WHIPPED WHITE CHOCOLATE GANACHE-

  1. Add white chocolate and cream into a large bowl
  2. Microwave it in 30sec intervals and stir in between until the chocolate has fully dissolved
  3. Stir in a splash of vanilla extract
  4. Place into the fridge to chill completely
  5. Using an electronic mixture, whip the mixture until it reaches medium-stiff peaks
  6. Transfer it into a pipping bag with the tip of your choice

DECORATE-

  1. Pipe the whipped ganache onto the tart
  2. Use any remaining curd in a piping back for extra designs over the cream
  3. Add fresh raspberries to the tarts
  4. Optional dusting of powdered sugar
  5. Place it into the fridge to set for at least 30min
  6. Eat it on the day it’s made for the best results!

TIPS

Baking weights: Use rice or dried beans – they are cheaper and more convenient to find in shops!

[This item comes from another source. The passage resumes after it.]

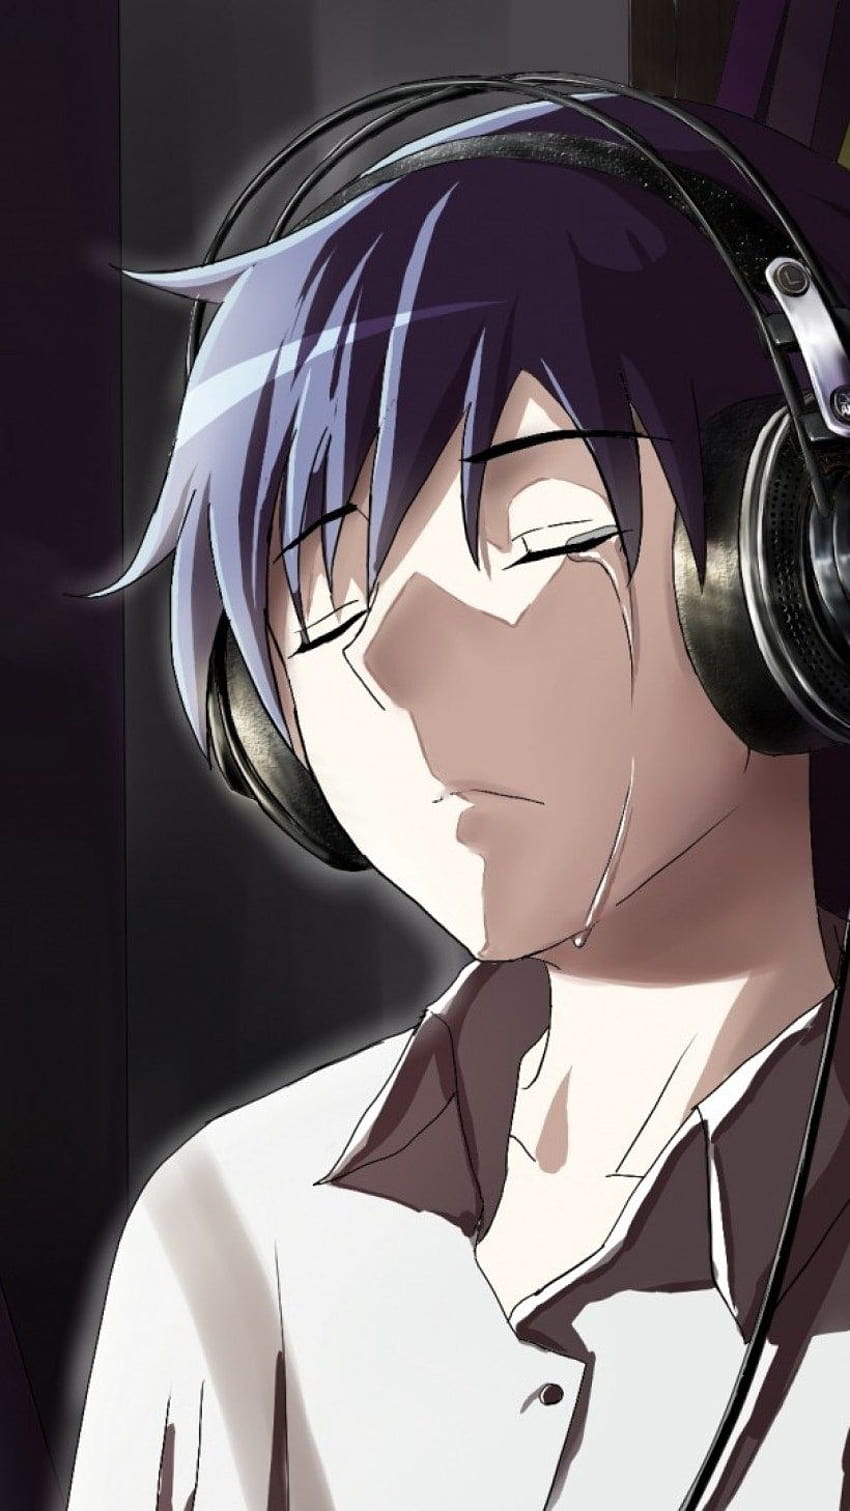 Sedih Anime Boy Menangis, anime boy yang sangat sedih wallpaper ponsel HD

Make this recipe easier to manage: The recipe may seem long and feel overwhelming to pull off in one day. Remember, you can make the components ahead of time so that you only need to assemble the tarts on the day they are needed. The raspberry curd can be pre-made and stored in an airtight container. Pre-made shells will stay crispy if you don’t fill it. And the ganache can be pre-made then whipped up on the day.

No tart moulds: If you do not own any tart moulds you can make these in a non-stick cupcake trays! They become super cute mini tarts!